Case Name: NATIVE VILLAGE OF EYAK; Native Village of Tatitlek; Native Village of Chenega; Native Village of Nanwalek; Native Village of Port Graham, Plaintiffs-Appellants, v. Rebecca BLANK, Acting Secretary of Commerce, Defendant-Appellee
Court: United States Court of Appeals for the Ninth Circuit
Jurisdiction: United States
Decision Date: 2012-07-31
Citations: 688 F.3d 619
Docket Number: No. 09-35881
Parties: NATIVE VILLAGE OF EYAK; Native Village of Tatitlek; Native Village of Chenega; Native Village of Nanwalek; Native Village of Port Graham, Plaintiffs-Appellants, v. Rebecca BLANK, Acting Secretary of Commerce, Defendant-Appellee.
Judges: Before: ALEX KOZINSKI, Chief Judge, MARY M. SCHROEDER, HARRY PREGERSON, ANDREW J. KLEINFELD, MICHAEL DALY HAWKINS, SIDNEY R. THOMAS, WILLIAM A. FLETCHER, RICHARD A. PAEZ, RICHARD C. TALLMAN, JOHNNIE B. RAWLINSON, and RICHARD R. CLIFTON, Circuit Judges.

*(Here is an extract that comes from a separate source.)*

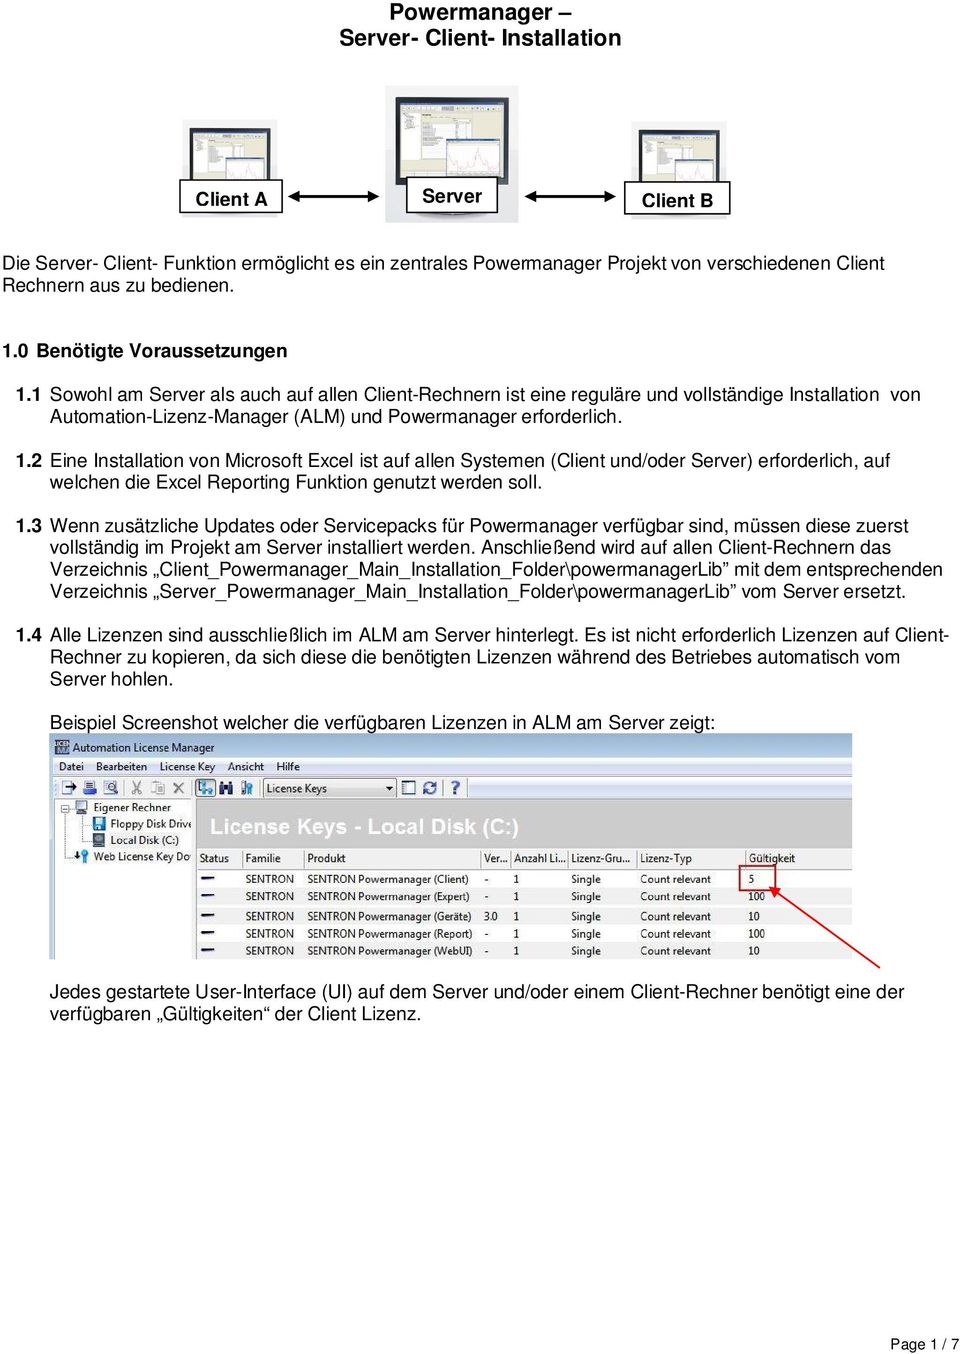 2 Eine Installation von Microsoft Excel ist auf allen Systemen (Client und/oder Server) erforderlich, auf welchen die Excel Reporting Funktion genutzt werden soll. 1.

Reporter: Federal Reporter 3d Series
Volume: 688
Pages: 619–637

Head Matter:
NATIVE VILLAGE OF EYAK; Native Village of Tatitlek; Native Village of Chenega; Native Village of Nanwalek; Native Village of Port Graham, Plaintiffs-Appellants, v. Rebecca BLANK, Acting Secretary of Commerce, Defendant-Appellee.
No. 09-35881.
United States Court of Appeals, Ninth Circuit.
Argued and Submitted Sept. 21, 2011.
Filed July 31, 2012.
Natalie A. Landreth (argued), Native American Rights Fund, Anchorage, AK; Goriune Dudukgian, Alaska Legal Services Corp., Anchorage, AK; Richard de Bobo, Robin Wechkin, Susan Acquista and Clive McClintock, Hogan & Hartson, LLP, Los Angeles, CA, for the appellants.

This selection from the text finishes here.